Par ordonnance du 5 mars 2013, le juge des référés du tribunal de grande instance de Cherbourg, saisi par la SCI de la Mordorée, a notamment renvoyé les parties à se pourvoir au fond quant à l'existence ou non d'un chemin rural sur l'assiette de la parcelle cadastrée section [Cadastre 10] appartenant au requérant, interdit le passage sur cette zone de tout engin appartenant à la commune du [Localité 24] ou dont l'utilisation aurait été sollicitée par celle-ci et qui serait susceptible d'abîmer ou de détériorer les implantations forestières, interdit à la commune du [Localité 24] de pratiquer sur cette parcelle toute coupe d'arbres ou de branchages, interdit à la SCI de la Mordorée toute modification consistant en des travaux ou des plantations sur la zone que la commune du [Localité 24] qualifie de chemin rural susceptible de rendre plus compliqués le passage et la circulation s'il devait être par la suite reconnue une nature de chemin rural à la zone litigieuse et rejeté le surplus des demandes.
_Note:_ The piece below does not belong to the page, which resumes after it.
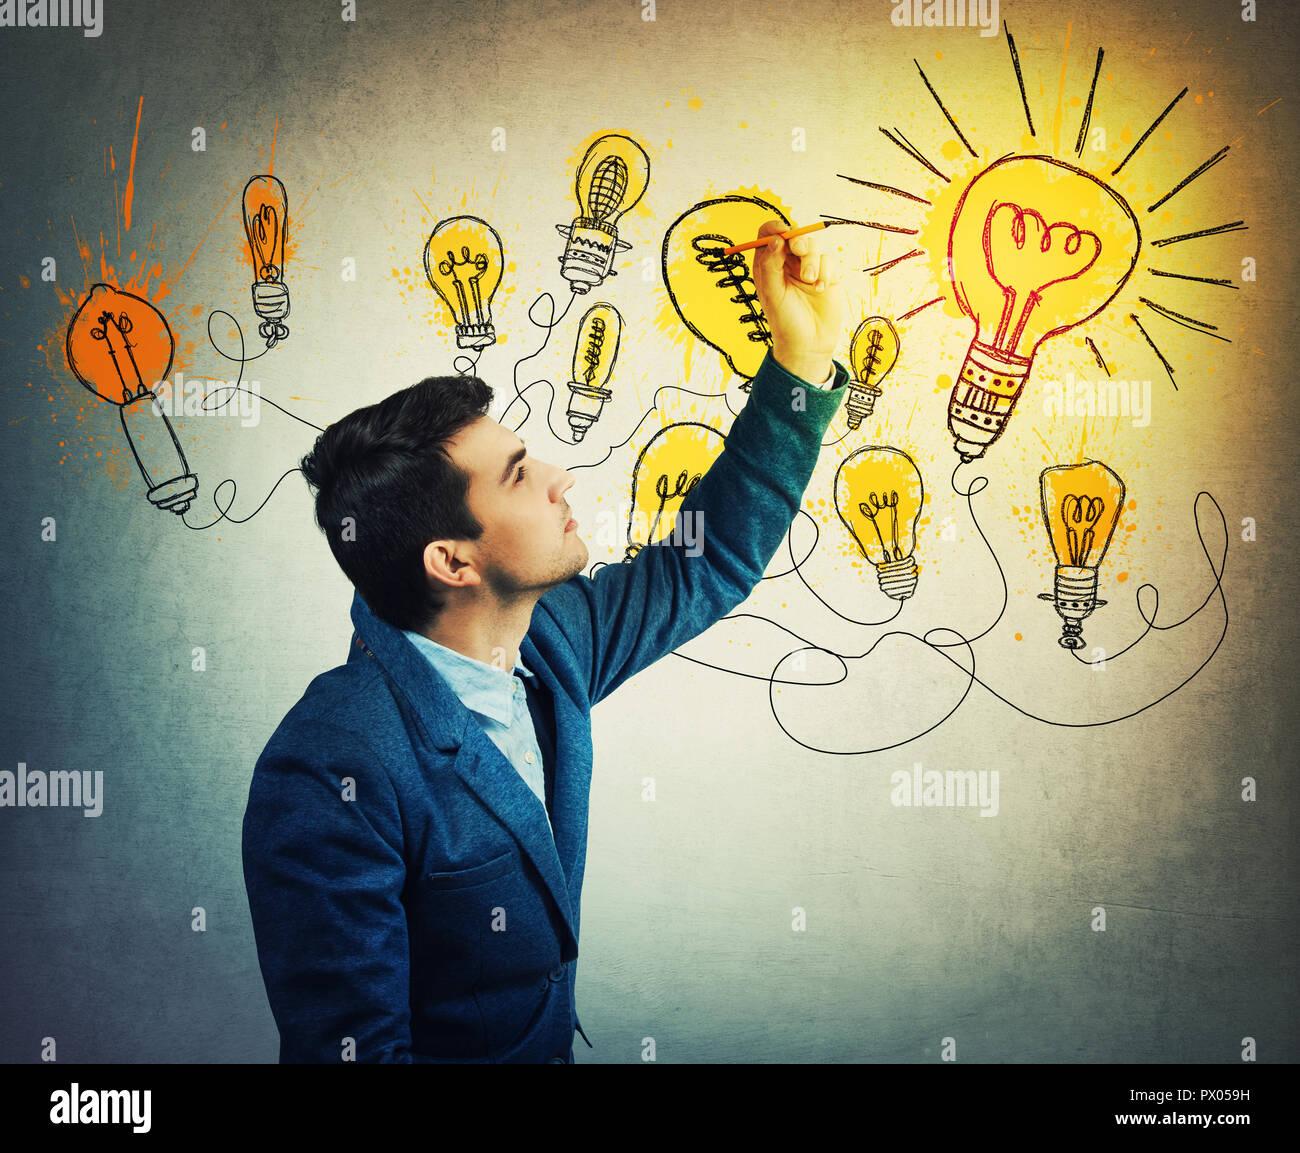 Empresario reflexivo imaginativo dibujo bombillas de luz brillante. Pensamiento empresarial diferente, genio creativo concepto, idea alternativos como el camino a Imagen De Stock

Suivant actes d'huissier des 23 et 25 avril 2014, l'Association pour la protection et l'entretien des chemins ruraux non reconnus -commune [Localité 24]- dite Collectif mars 2012 a fait assigner la commune de [Localité 24] et la SCI de la Mordorée devant le tribunal de grande instance de Cherbourg aux fins, notamment, de dire que le chemin dit de [Localité 15] aux [Localité 20] tel qu'il figure sur les relevés cadastraux de 1959 et du 7 novembre 2012 constitue un chemin rural propriété de la commune du [Localité 24] et d'interdire à la SCI de la Mordorée de faire entrave à son libre accès sous astreinte de 1.000 euros par infraction constatée.
Suivant arrêté du préfet de la Manche du 4 décembre 2015, modifié par arrêté du 15 décembre 2015, a été créée à compter du 1er janvier 2016 une commune nouvelle prenant le nom de [Localité 3], venant aux droits de la commune du [Localité 24], en lieu et place des communes de [Localité 3], [Localité 17], [Localité 19], [Localité 21], [Localité 16], [Localité 24], les biens des anciennes communes étant dévolus à la commune nouvelle dès sa création.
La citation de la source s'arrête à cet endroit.